Christoph Mainka, 33 ans de sélection dédiée au maïs ensilage
Sélectionneur chez Syngenta depuis 1992, Christoph Mainka est un expert du maïs ensilage. Rencontre avec un homme qui a consacré sa carrière à la sélection du maïs.
Quelles sont les variétés de maïs fourrage qui ont marqué votre carrière ?
J’ai commencé ma carrière chez Sandoz Seeds en décembre 1992 et l’un des premiers référencements marquant auprès de l’Office fédéral allemand, a été celui de la variété OLDHAM en 1999, une variété qui s’est vendue à plus de 2 millions d’unités par la suite. C’était un maïs fourrage très digestible et tolérant au stress hydrique.
La deuxième variété dont je suis fier est SY TALISMAN, un maïs ensilage qui a été lancé sur le marché allemand et s’est largement développé par la suite en Pologne et en Russie avec près de plusieurs centaines de milliers d’unités par an. SY TALISMAN est une variété encore recommandée aux Pays-Bas grâce à sa très haute teneur énergétique.
Plus récemment, j’ai eu la chance de développer des variétés comme SY LIBERTY, SY AMFORA et SY REMCO qui sont issues d’une nouvelle génération qui a bénéficié de la sélection génomique.

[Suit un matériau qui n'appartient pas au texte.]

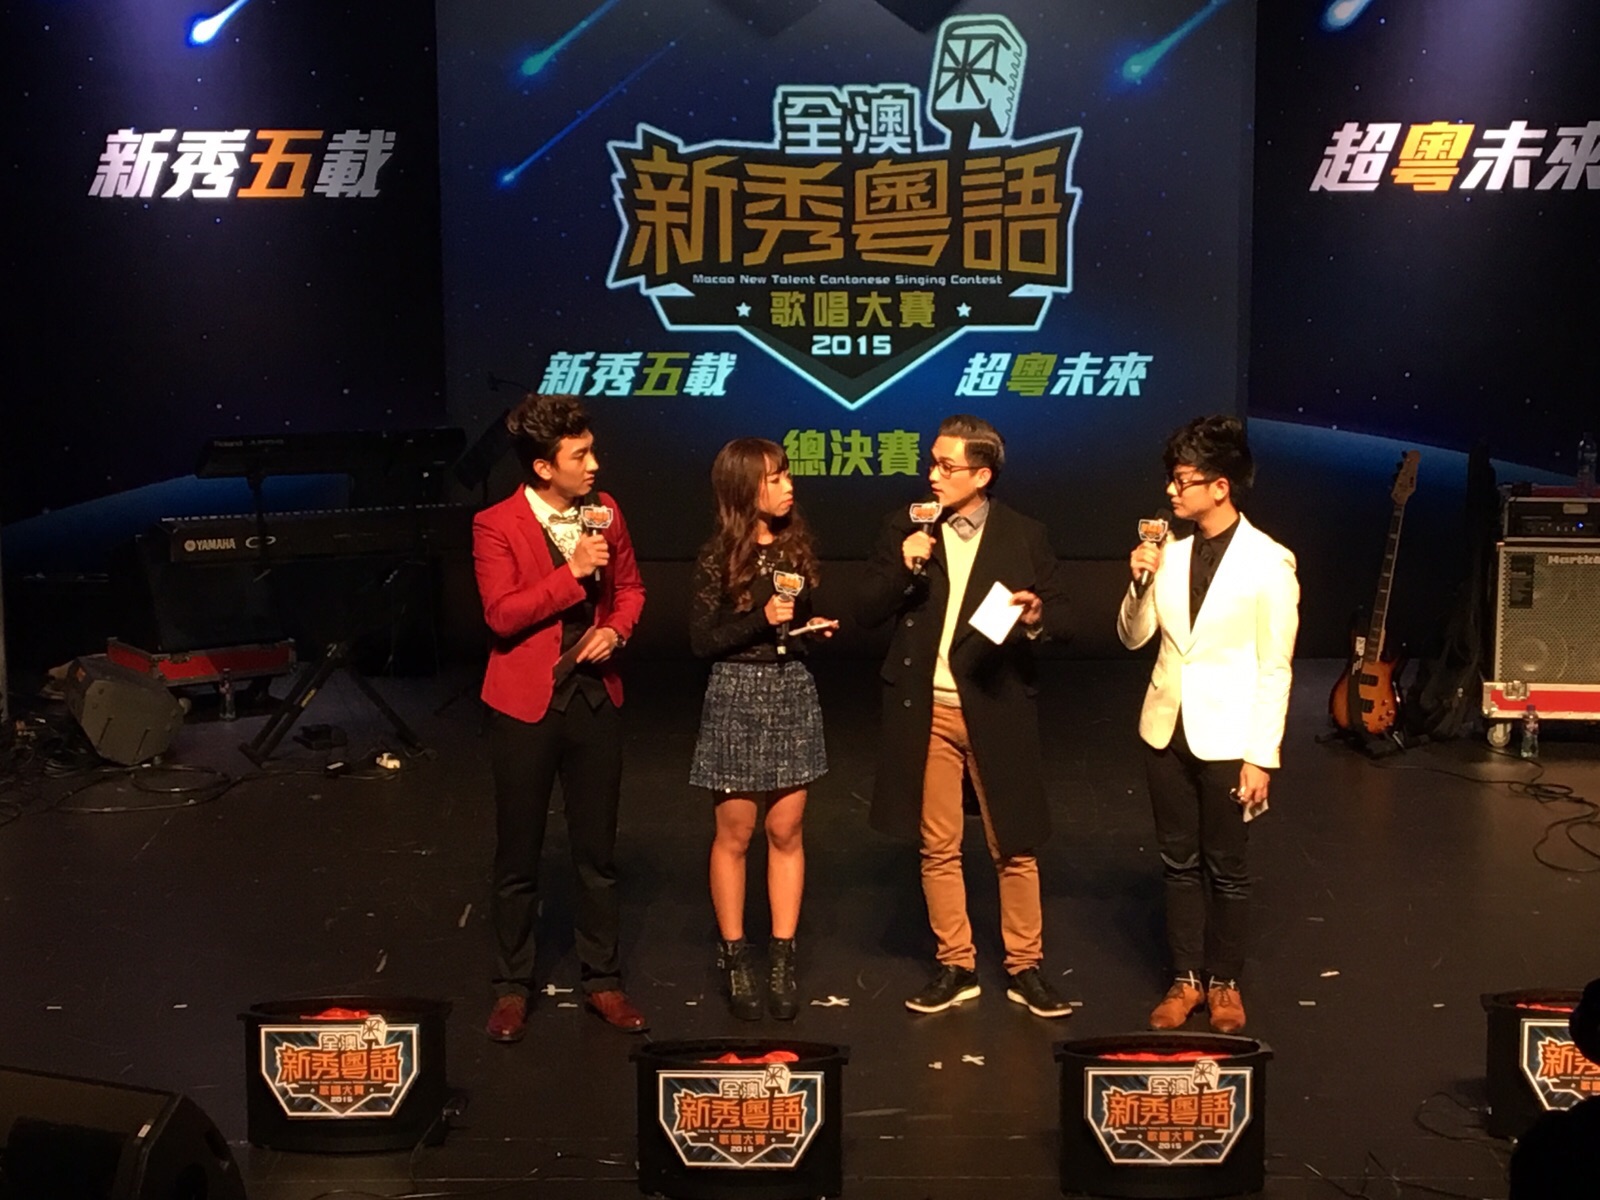 周啓陽 Elvis Chao之司儀主持紀錄: 全澳新秀粵語歌唱大賽2015總決賽
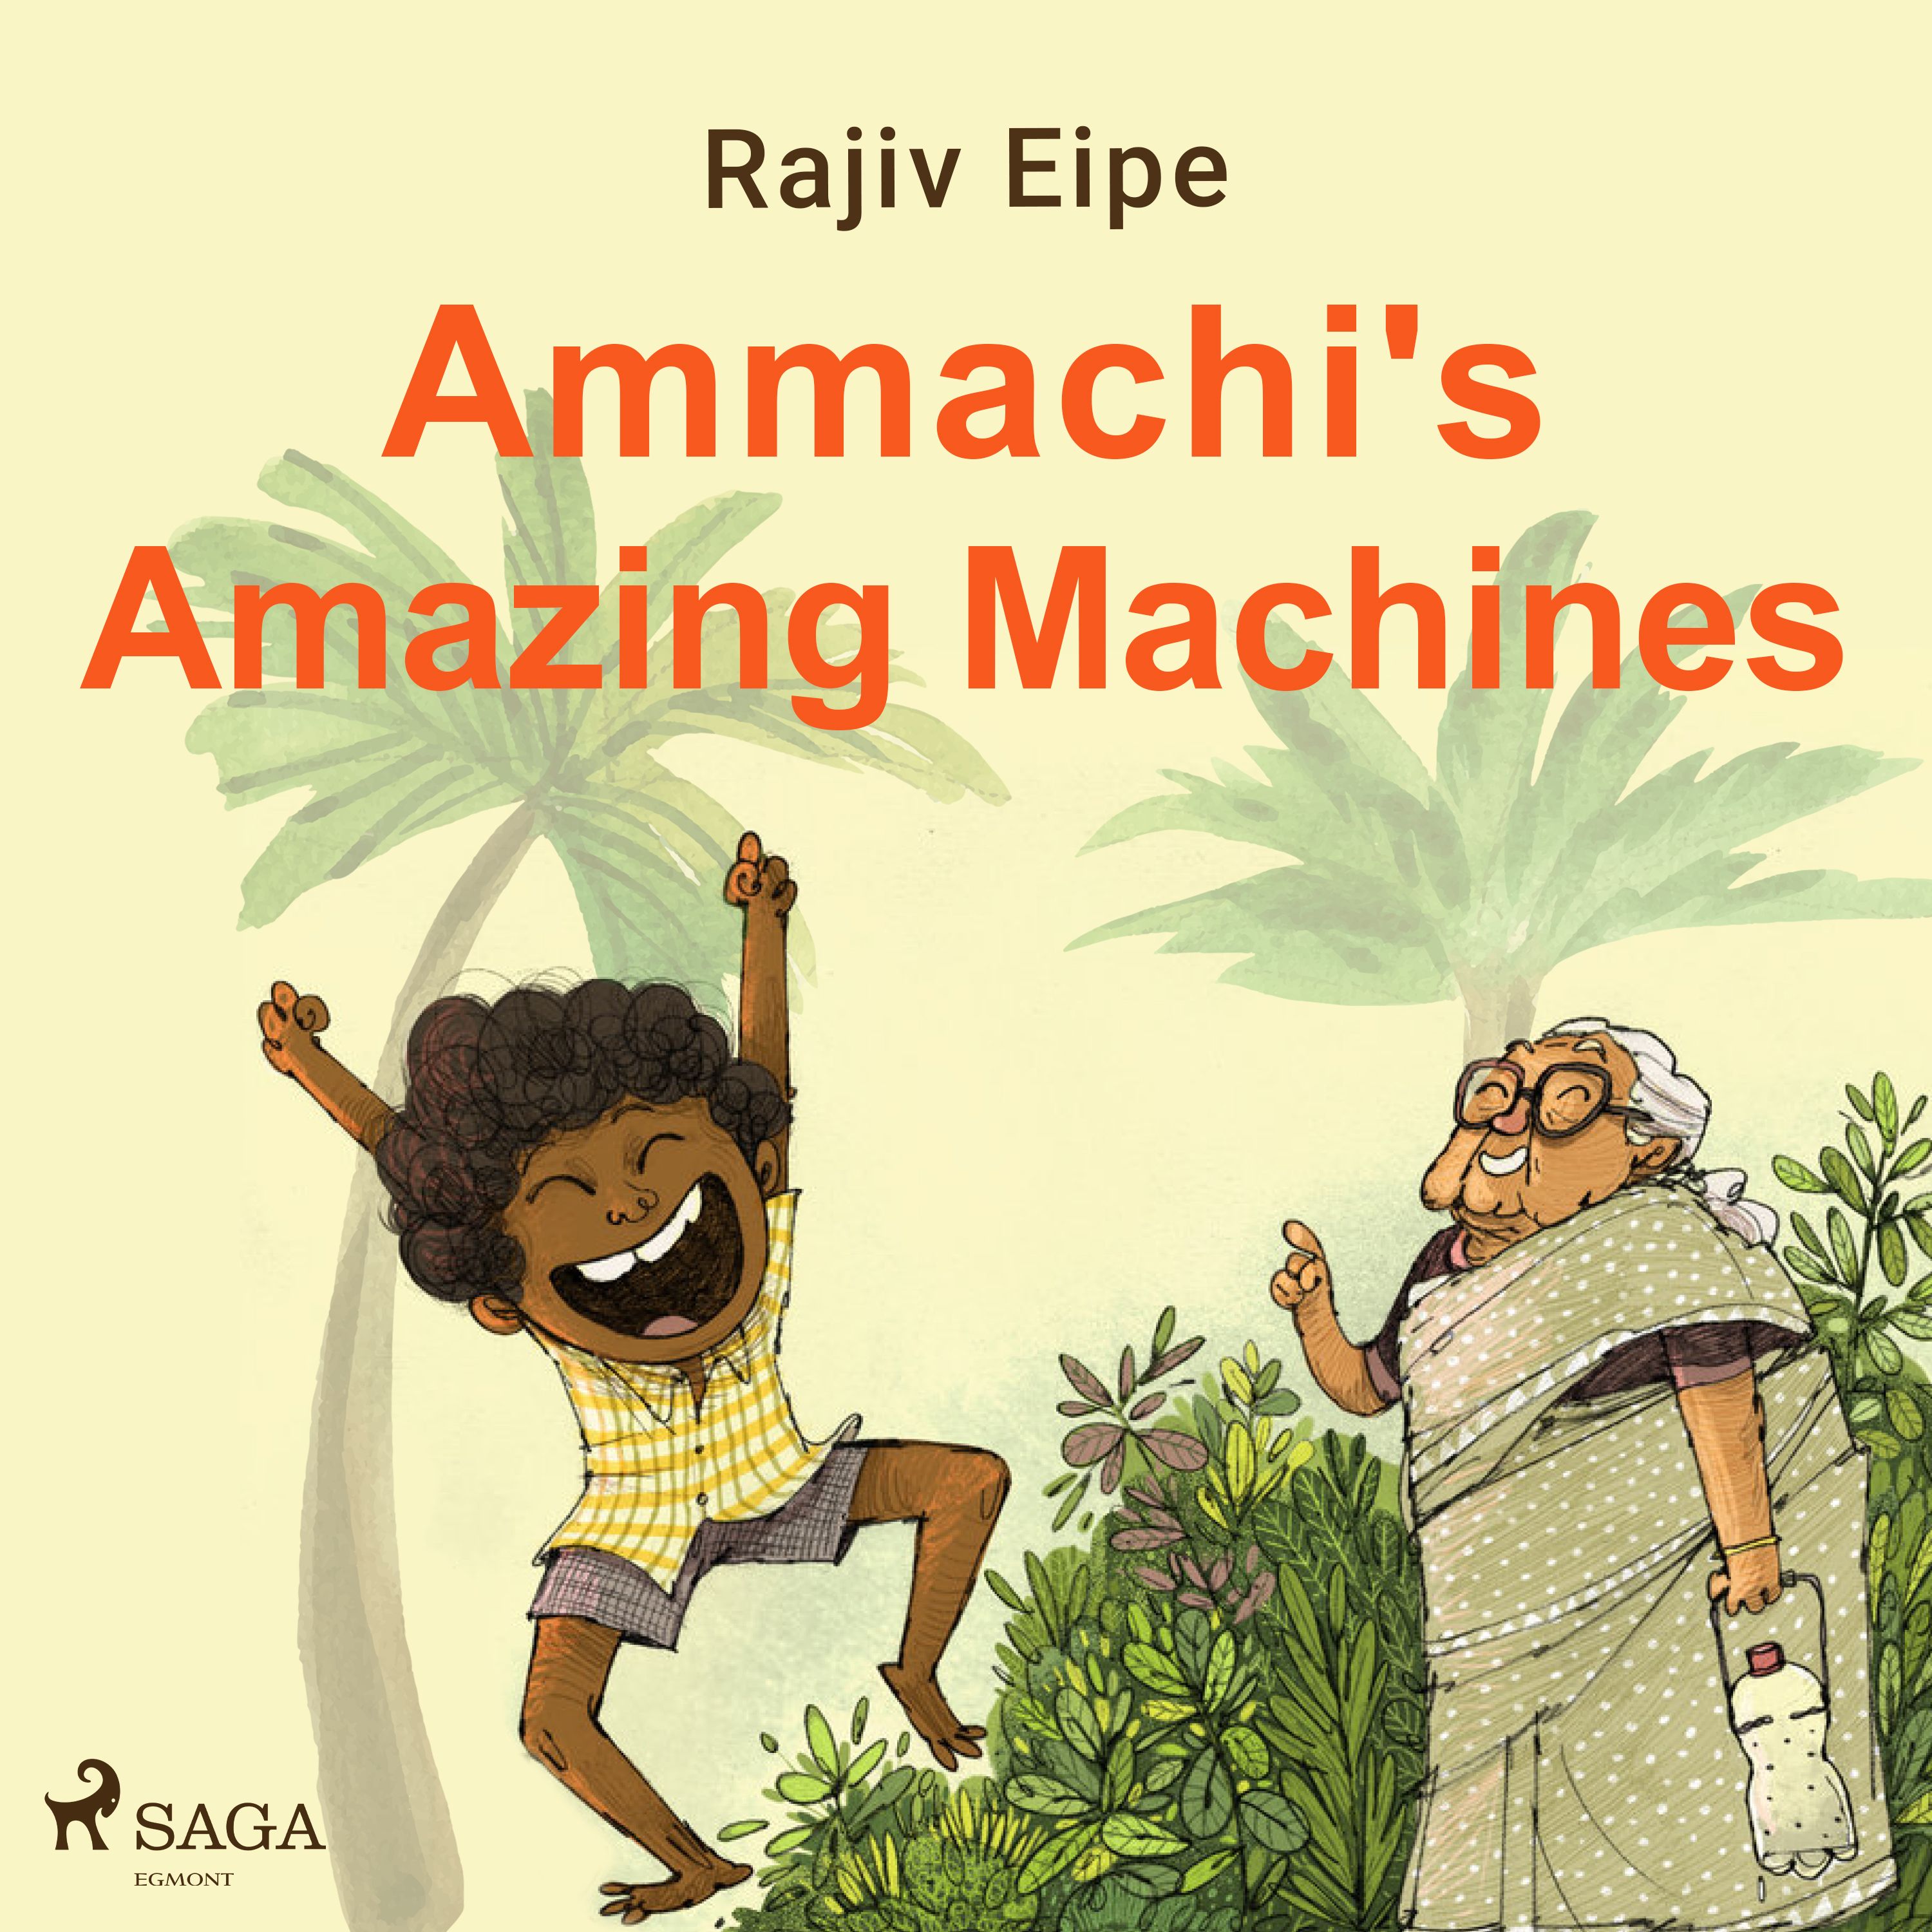 Ammachi's Amazing Machines, ljudbok av Rajiv Eipe

SY REMCO est aujourd’hui un maïs ensilage qui occupe la première place dans de nombreux essais variétaux de différents pays en Europe.
Qu’est-ce qui a changé en 30 ans ?
Au début de ma carrière, mon travail de sélectionneur était orienté sur l’adaptation du maïs, plante tropicale à l’origine, à des régions de culture situées au nord ou en altitude. En effet, il y a 30 ans, le maïs était absent de régions comme le Schleswig Holstein en Allemagne, et aujourd’hui cette région est une zone de production de maïs fourrage importante avec des variétés dont la précocité est adaptée au contexte pédoclimatique. Les 3 grands critères de sélection du maïs fourrage étaient déjà la stabilité du rendement dans de larges conditions de culture, la tolérance aux maladies et la valeur énergétique. Ces priorités de recherche sont toujours d’actualité, mais ce qui a changé c’est l’apport de la sélection génomique qui permet d’intégrer des fonctions complexes à partir des données d’analyses des marqueurs moléculaires pour estimer les caractéristiques de digestibilité, de stabilité et de rendement. Cela nous permet de ne pas tester de génotypes dont on peut prévoir qu’ils n’auront aucune chance.
Concernant les maïs fourrage Powercell™, la promesse de digestibilité ne se fait-elle pas au détriment de la tenue de tige ?
La stabilité de la tige est en effet un critère qui dépend des composantes « racine » et « tige » de la plante. Dans le cas des maïs labellisés Powercell™, la lignification de la tige est modifiée et cela n’est pas nécessairement lié à une réduction de la teneur en lignine mais à une optimisation de sa structure moléculaire. Néanmoins, une variété hautement digestible (maïs corné denté) aura toujours du mal à s’imposer par rapport à un maïs grain (denté denté).
Au cours des dernières années de sélection, au travers de la recherche de nos variétés Powercell™, la stabilité à la tenue de tige du matériel végétal Syngenta a fortement été améliorée.
Quelles sont les évolutions attendues pour les années à venir ?
Notre schéma de sélection est en cours d’évolution avec une optimisation selon de nouveaux critères méthodologiques. La sélection génomique nous permet en effet d’utiliser de manière plus durable les données issues des essais de rendement et ainsi d’optimiser nos systèmes de contrôle. La sélection est un processus à long terme, les lignées parentales de variétés largement déployées aujourd’hui comme SY OPALE et SY REMCO datent respectivement de 2017 et 2020. Notre objectif est toujours de proposer de nouvelles variétés « supérieures » aux variétés existantes, ce qui signifie pour le maïs fourrage, plus de rendement, plus de régularité et une très bonne valeur alimentaire. Un défi à relever chaque jour après 33 ans de sélection chez Syngenta.